■ ASSIGNMENT: Retype the listing exactly as it stands, and keep every image out.

■ DATASET EXTRACT:

▬▬▬

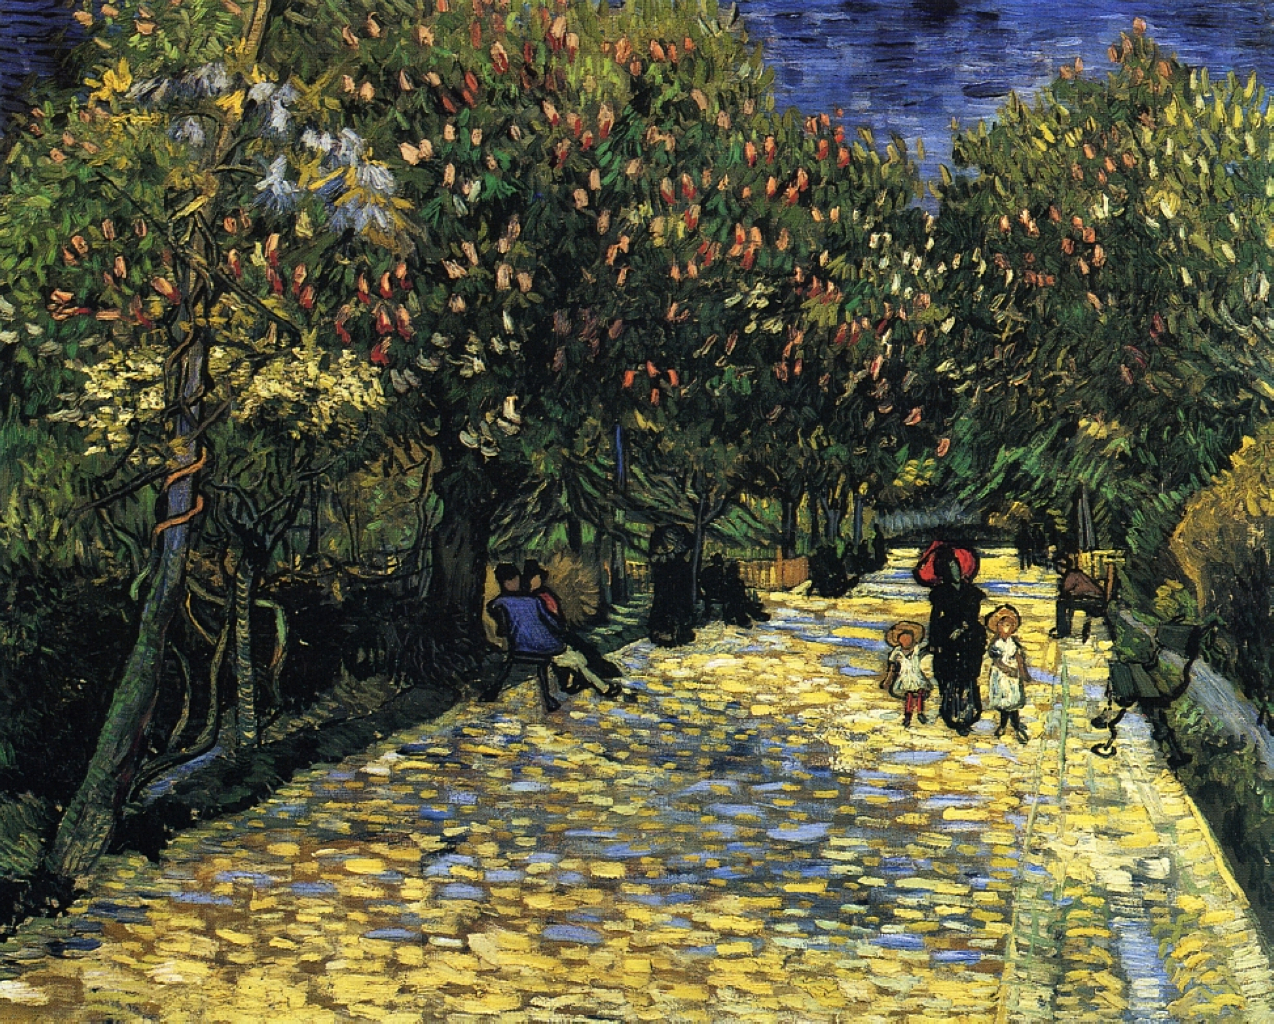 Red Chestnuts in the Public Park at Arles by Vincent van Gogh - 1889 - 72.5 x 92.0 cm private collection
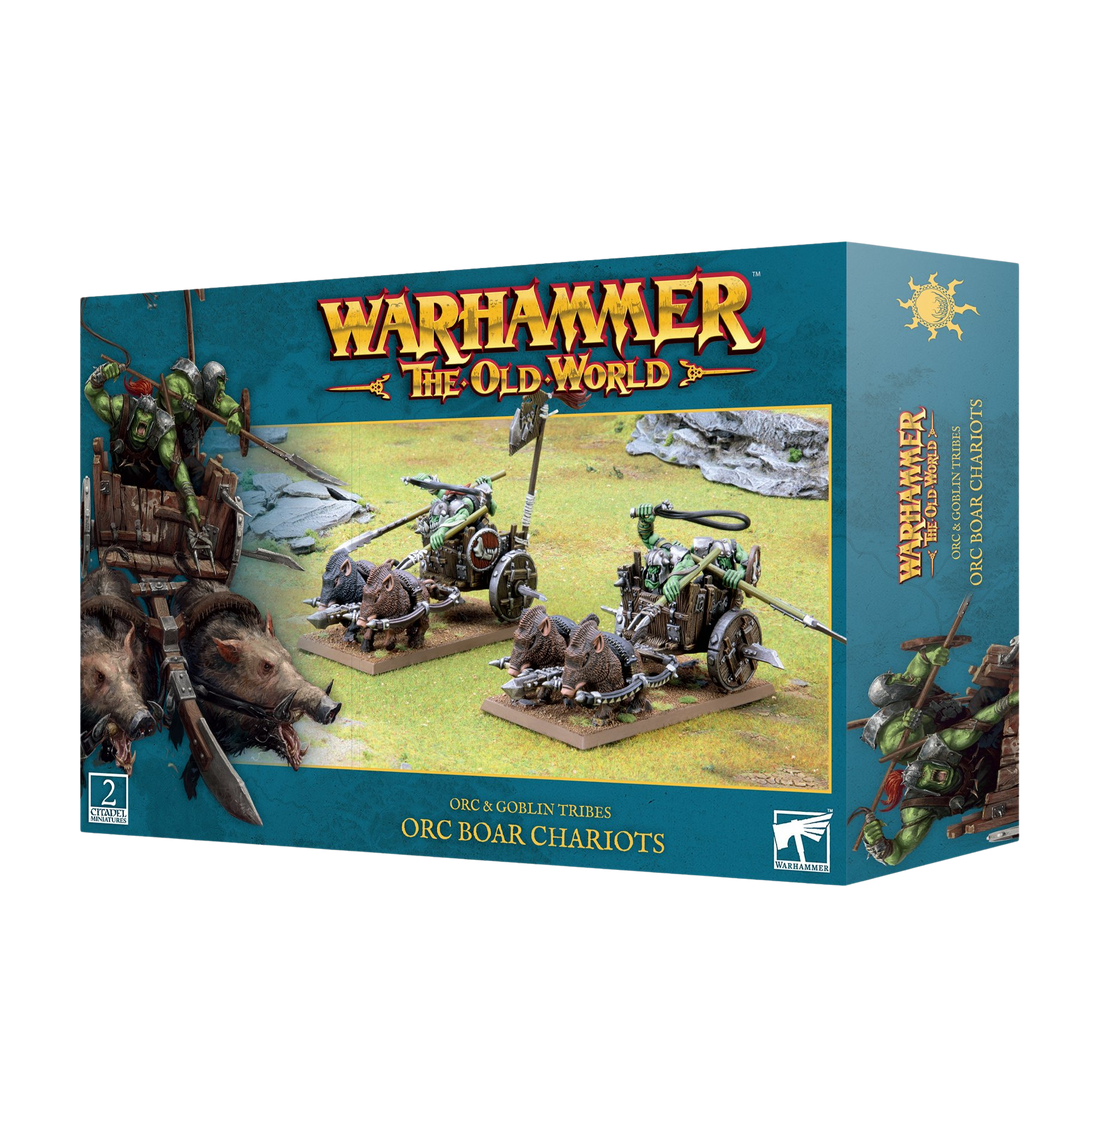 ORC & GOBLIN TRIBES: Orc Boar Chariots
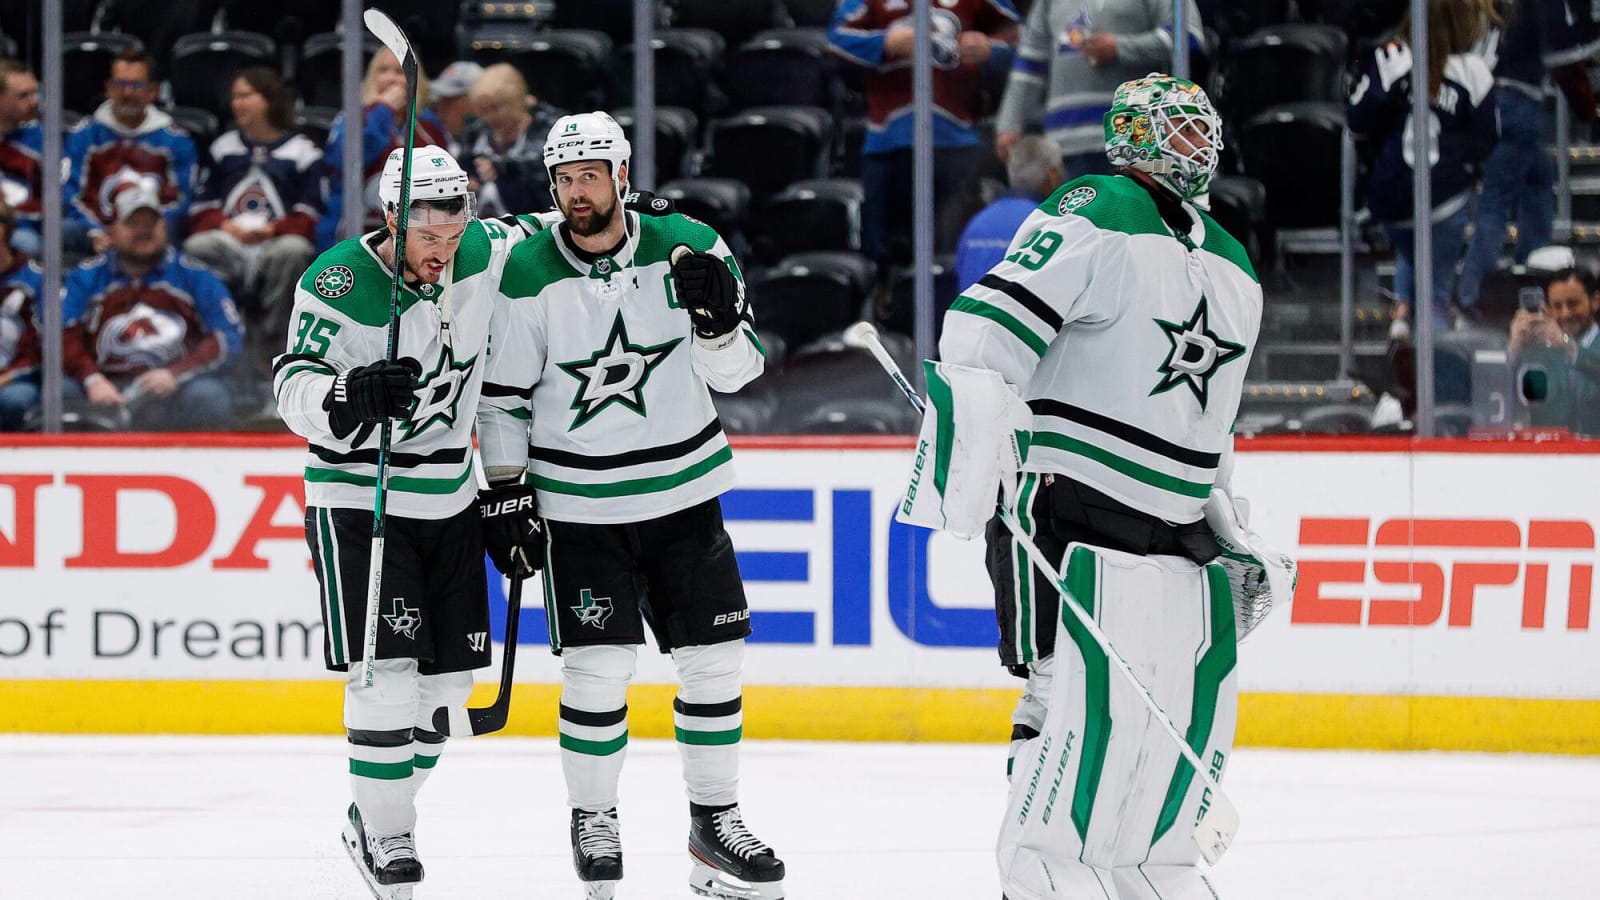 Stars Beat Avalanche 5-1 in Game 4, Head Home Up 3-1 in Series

▬▬▬

■ SOLVED PROBLEM:
 Red Chestnuts in the Public Park at Arles by Vincent van Gogh - 1889 - 72.5 x 92.0 cm private collection
 ORC & GOBLIN TRIBES: Orc Boar Chariots
 Stars Beat Avalanche 5-1 in Game 4, Head Home Up 3-1 in Series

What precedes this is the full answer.